Collects rollouts using the current policy and trains the policy
using the collected data. Subclasses implement step to define
how actions are selected and what data is collected, post_collect
to define any post-collection processing, and train to define
the training procedure.
Attributes:
| Name | Type | Description |
|---|---|---|
optimizer |
eqx.AbstractVar[optax.GradientTransformation]
|
The optimizer used for training the policy. |
gamma |
eqx.AbstractVar[float]
|
The discount factor. |
num_envs |
eqx.AbstractVar[int]
|
The number of parallel environments. |
num_steps |
eqx.AbstractVar[int]
|
The number of steps to collect per environment. |
batch_size |
eqx.AbstractVar[int]
|
The batch size for training. |
per_iteration
abstractmethod
Process the algorithm state after each iteration.
Used for algorithm-specific bookkeeping.
Parameters:
| Name | Type | Description | Default |
|---|---|---|---|
state
|
StateType
|
The current algorithm state. |
required |
Returns:
| Type | Description |
|---|---|
StateType
|
The updated algorithm state. |
consolidate_callbacks
consolidate_callbacks(
callback: Sequence[AbstractCallback]
| AbstractCallback
| None = None,
) -> AbstractCallback
learn
learn(
env: AbstractEnvLike,
policy: PolicyType,
total_timesteps: int,
*,
key: Key[Array, ""],
callback: Sequence[AbstractCallback]
| AbstractCallback
| None = None,
) -> PolicyType
Train the policy on the environment for a given number of timesteps.
Parameters:
| Name | Type | Description | Default |
|---|---|---|---|
env
|
AbstractEnvLike
|
The environment to train on. |
required |
policy
|
PolicyType
|
The policy to train. |
required |
total_timesteps
|
int
|
The total number of timesteps to train for. |
required |
key
|
Key[Array, '']
|
A JAX PRNG key. |
required |
callback
|
Sequence[AbstractCallback] | AbstractCallback | None
|
A callback or list of callbacks to use during training. |
None
|
Returns:
| Name | Type | Description |
|---|---|---|
policy |
PolicyType
|
The trained policy. |
per_step
abstractmethod
per_step(
step_state: AbstractOnPolicyStepState[PolicyType],
) -> AbstractOnPolicyStepState[PolicyType]

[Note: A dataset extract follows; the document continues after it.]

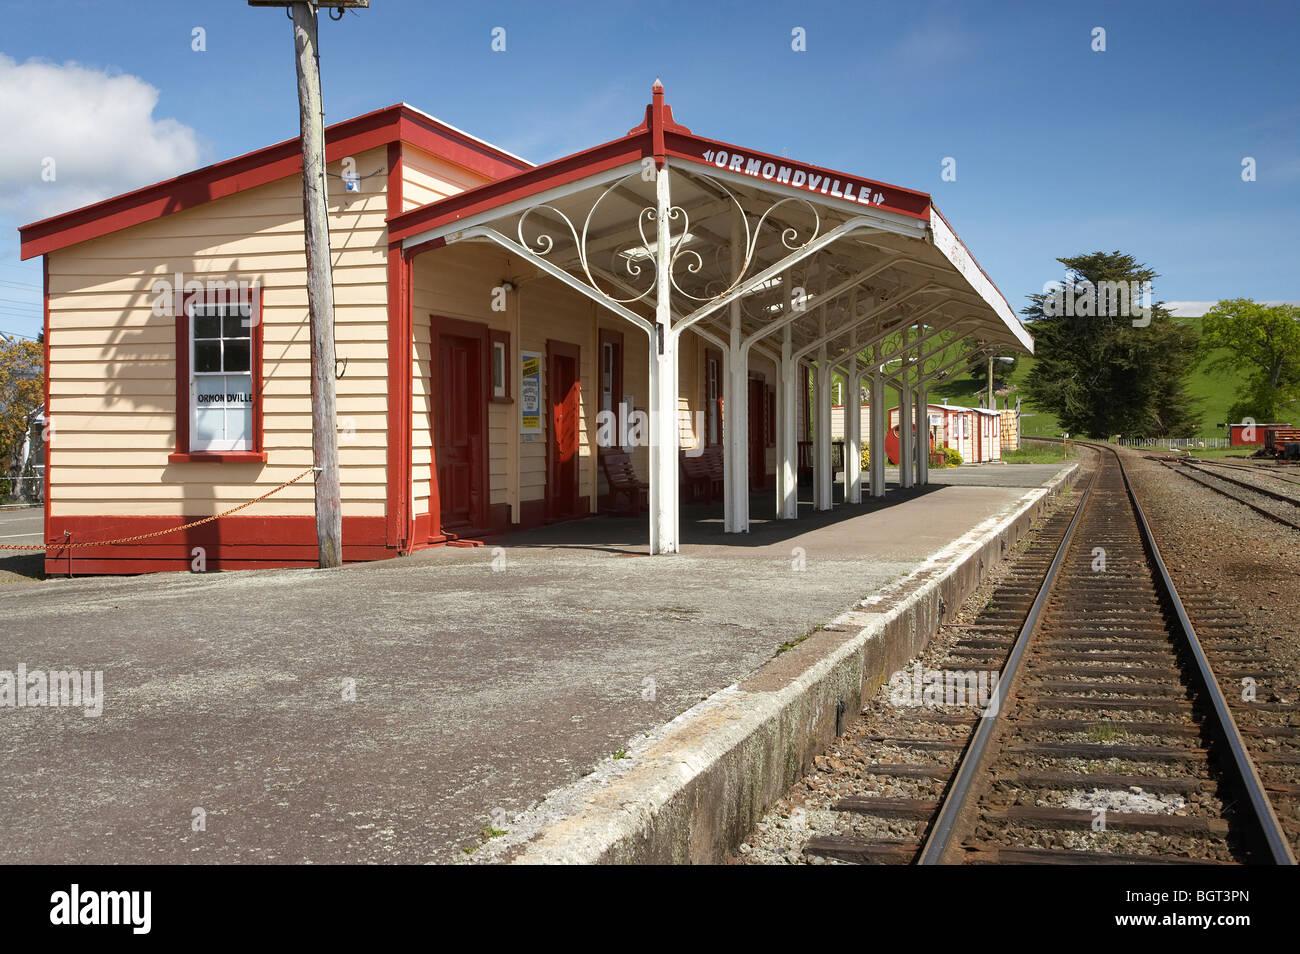 Historic Railway Station, Ormondville, Tararua District, Wairarapa, North Island, New Zealand - Stock Image

Process the step carry after each step.
step
abstractmethod
step(
env: AbstractEnvLike,
policy: PolicyType,
state: AbstractOnPolicyStepState[PolicyType],
*,
key: Key[Array, ""],
callback: AbstractCallback,
) -> tuple[
AbstractOnPolicyStepState[PolicyType], RolloutBuffer
]
Perform a single environment step and collect rollout data.
Parameters:
| Name | Type | Description | Default |
|---|---|---|---|
env
|
AbstractEnvLike
|
The environment. |
required |
policy
|
PolicyType
|
The current policy. |
required |
state
|
AbstractOnPolicyStepState[PolicyType]
|
The current step state. |
required |
key
|
Key[Array, '']
|
A JAX PRNG key. |
required |
callback
|
AbstractCallback
|
The callback for this step. |
required |
Returns:
| Type | Description |
|---|---|
tuple[AbstractOnPolicyStepState[PolicyType], RolloutBuffer]
|
A tuple of the new step state and a rollout buffer entry. |
post_collect
post_collect(
env: AbstractEnvLike,
policy: PolicyType,
step_state: AbstractOnPolicyStepState[PolicyType],
buffer: RolloutBuffer,
*,
key: Key[Array, ""],
) -> RolloutBuffer
Process the rollout buffer after collection.

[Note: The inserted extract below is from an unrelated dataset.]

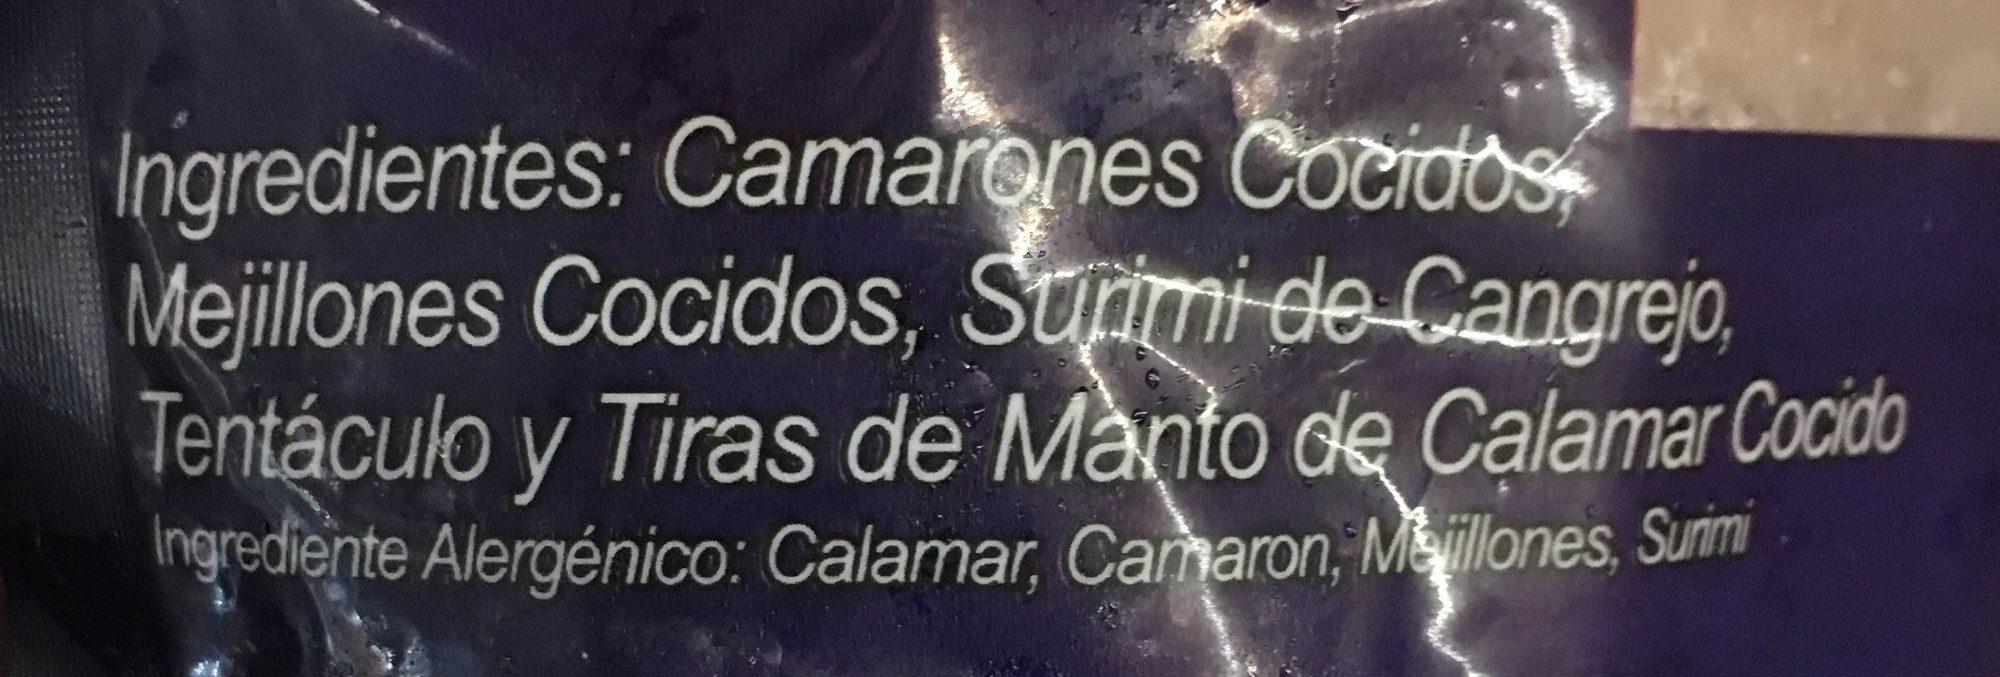 Mariscada, Premium sea food, bonisimo del mar, - Ingredients - es

Override to compute returns, advantages, or other post-collection processing. By default returns the buffer unchanged.
Parameters:
| Name | Type | Description | Default |
|---|---|---|---|
env
|
AbstractEnvLike
|
The environment. |
required |
policy
|
PolicyType
|
The current policy. |
required |
step_state
|
AbstractOnPolicyStepState[PolicyType]
|
The step state after the rollout. |
required |
buffer
|
RolloutBuffer
|
The collected rollout buffer. |
required |
key
|
Key[Array, '']
|
A JAX PRNG key. |
required |
Returns:
| Type | Description |
|---|---|
RolloutBuffer
|
The processed rollout buffer. |
collect_rollout
collect_rollout(
env: AbstractEnvLike,
policy: PolicyType,
step_state: AbstractOnPolicyStepState[PolicyType],
callback: AbstractCallback,
key: Key[Array, ""],
) -> tuple[
AbstractOnPolicyStepState[PolicyType], RolloutBuffer
]
Collect a rollout using the current policy.
train
abstractmethod
train(
policy: PolicyType,
opt_state: optax.OptState,
buffer: RolloutBuffer,
*,
key: Key[Array, ""],
) -> tuple[PolicyType, optax.OptState, dict[str, Scalar]]

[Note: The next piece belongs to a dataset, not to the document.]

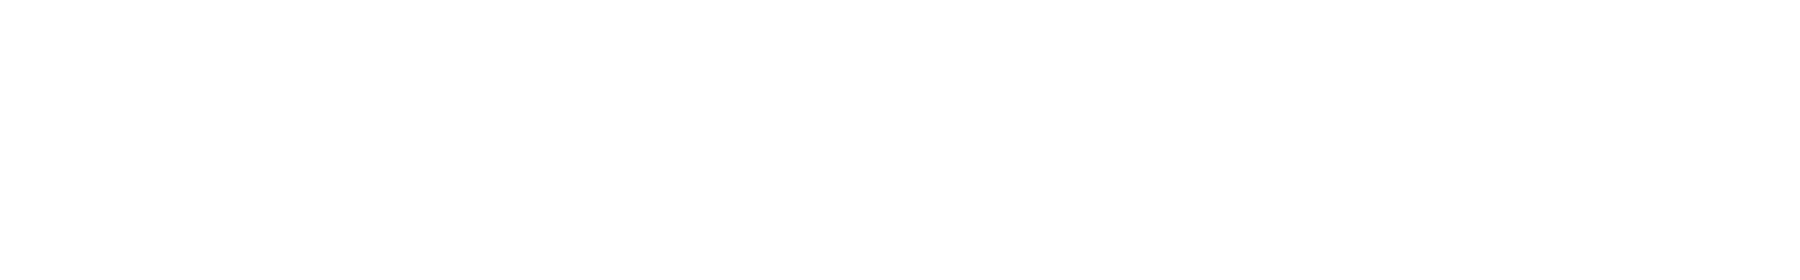 melody 10bpm80keyf

Train the policy using the rollout buffer.
Parameters:
| Name | Type | Description | Default |
|---|---|---|---|
policy
|
PolicyType
|
The current policy. |
required |
opt_state
|
optax.OptState
|
The current optimizer state. |
required |
buffer
|
RolloutBuffer
|
The rollout buffer containing collected experiences. |
required |
key
|
Key[Array, '']
|
A JAX PRNG key. |
required |
Returns:
| Type | Description |
|---|---|
PolicyType
|
A tuple containing the updated policy, updated optimizer state, |
optax.OptState
|
and a log dictionary. |
lerax.algorithm.AbstractOnPolicyStepState
Bases: AbstractStepState
State for on-policy algorithm steps.
Attributes:
| Name | Type | Description |
|---|---|---|
env_state |
eqx.AbstractVar[AbstractEnvLikeState]
|
The state of the environment. |
policy_state |
eqx.AbstractVar[AbstractPolicyState]
|
The state of the policy. |
callback_state |
eqx.AbstractVar[AbstractCallbackStepState]
|
The state of the callback for this step. |
with_callback_state
Return a new step state with the given callback state.
Parameters:
| Name | Type | Description | Default |
|---|---|---|---|
callback_state
|
AbstractCallbackStepState | None
|
The new callback state. If None, the existing state is used. |
required |
Returns:
| Type | Description |
|---|---|
A
|
A new step state with the updated callback state. |
initial
classmethod
initial(
env: AbstractEnvLike,
policy: PolicyType,
callback: AbstractCallback,
key: Key[Array, ""],
) -> AbstractOnPolicyStepState[PolicyType]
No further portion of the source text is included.